» Exercise goal: Excluding every picture, print exactly the lines from the one containing "Viaggi nel deserto in Marocco" through the end of the material below, both ends included.

» Provided data:
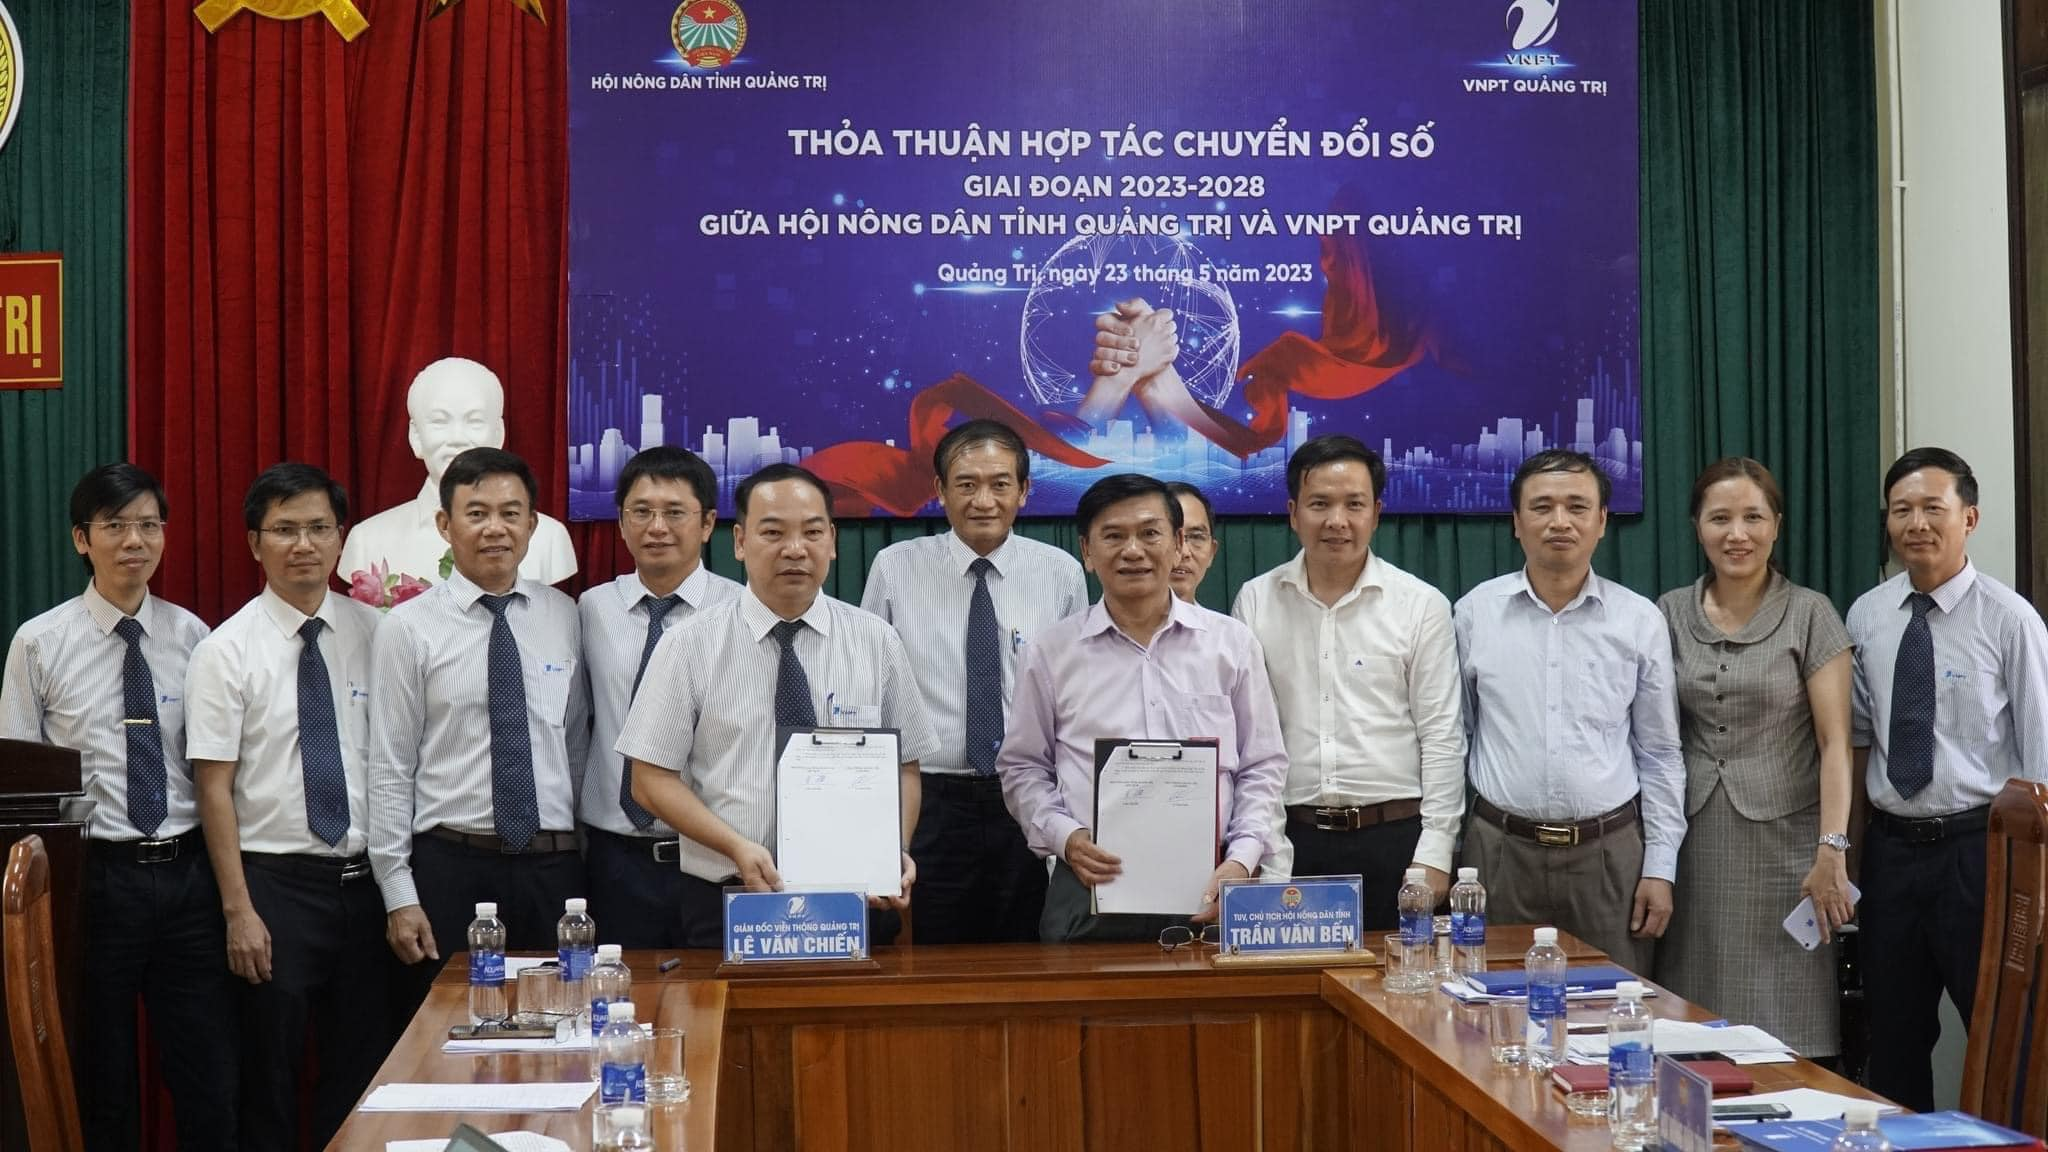 VNPT Quảng Trị và Hội Nông dân tỉnh Quảng Trị, ký kết thoả thuận hợp tác Chuyển đổi số giai đoạn 2023-2028
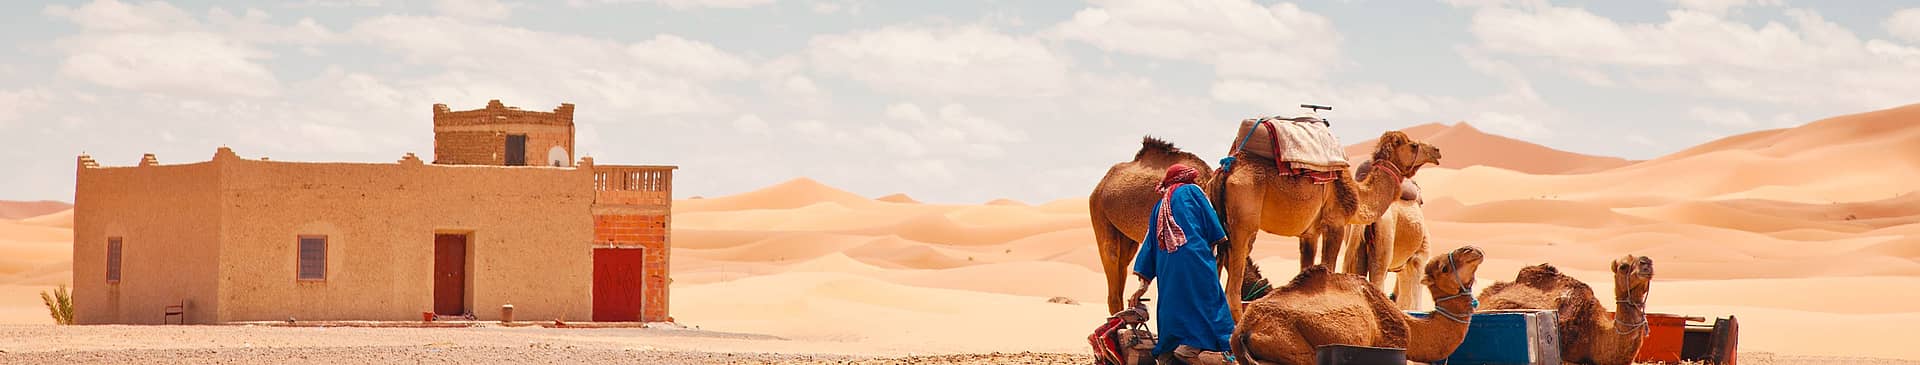 Viaggi nel deserto in Marocco
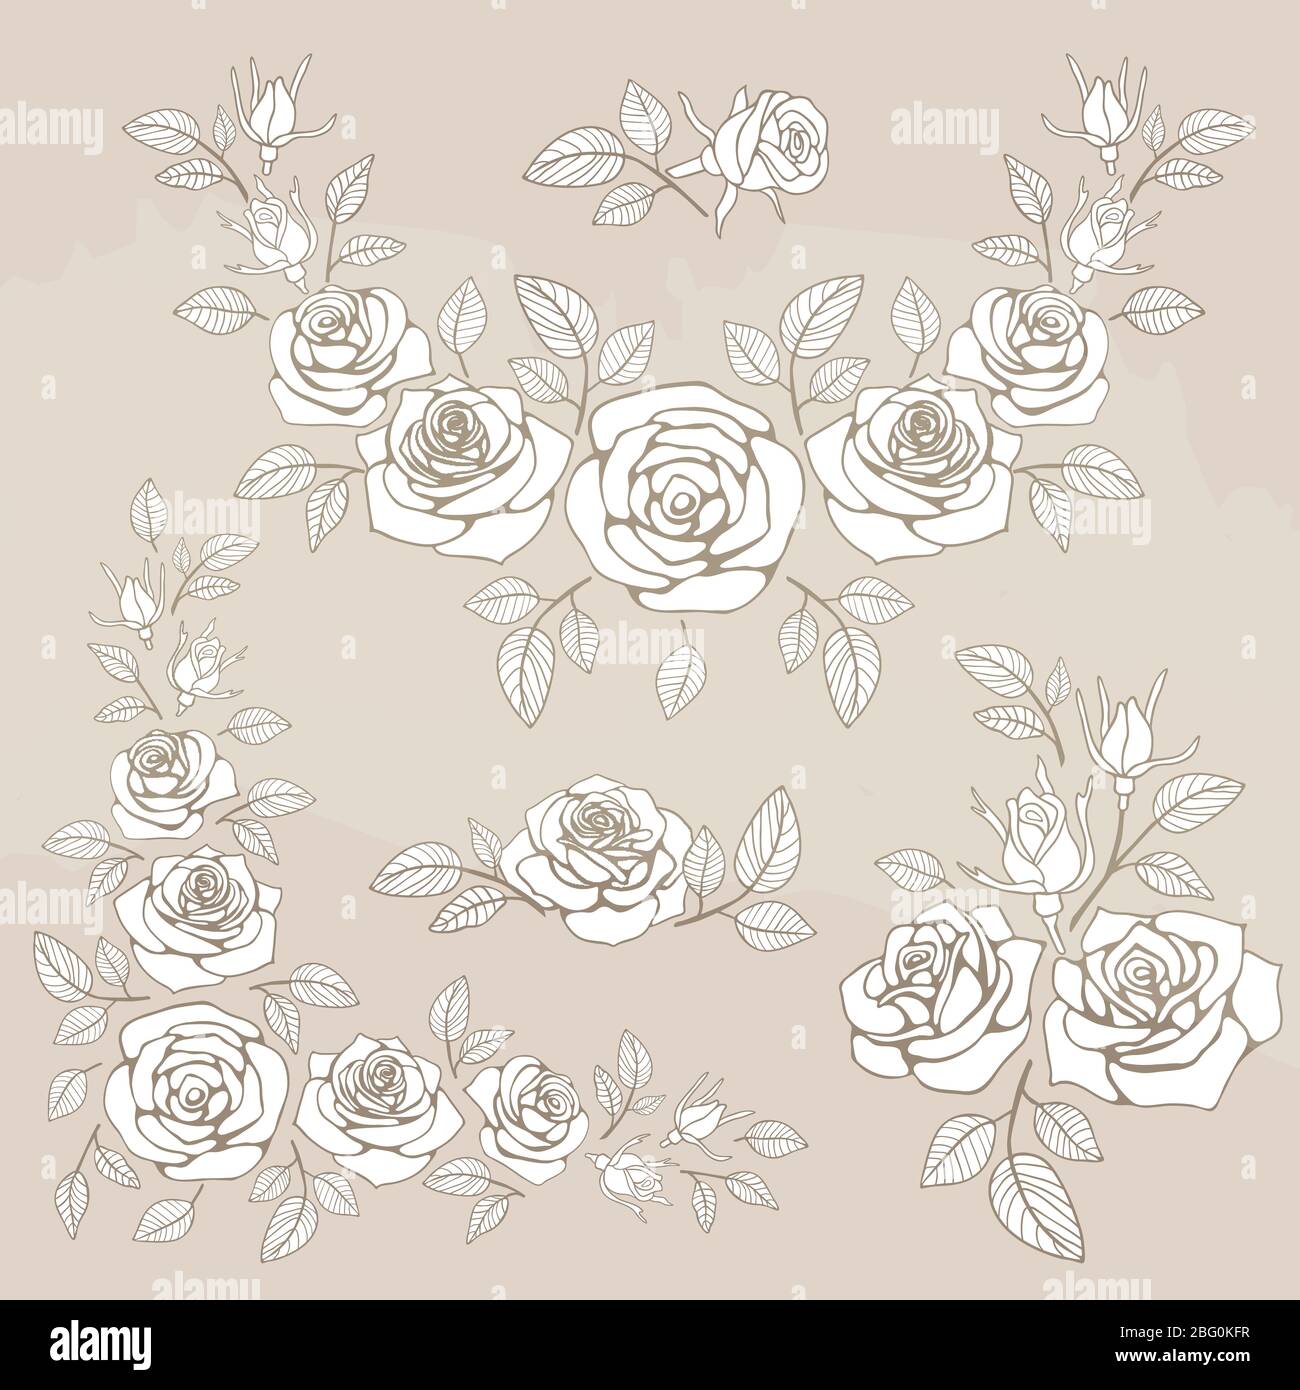 Romantischer Vintage-Strauß mit Rosen und Blättern. Vektorgrafik Stock Vektor

» Task answer:
 Viaggi nel deserto in Marocco
 Romantischer Vintage-Strauß mit Rosen und Blättern. Vektorgrafik Stock Vektor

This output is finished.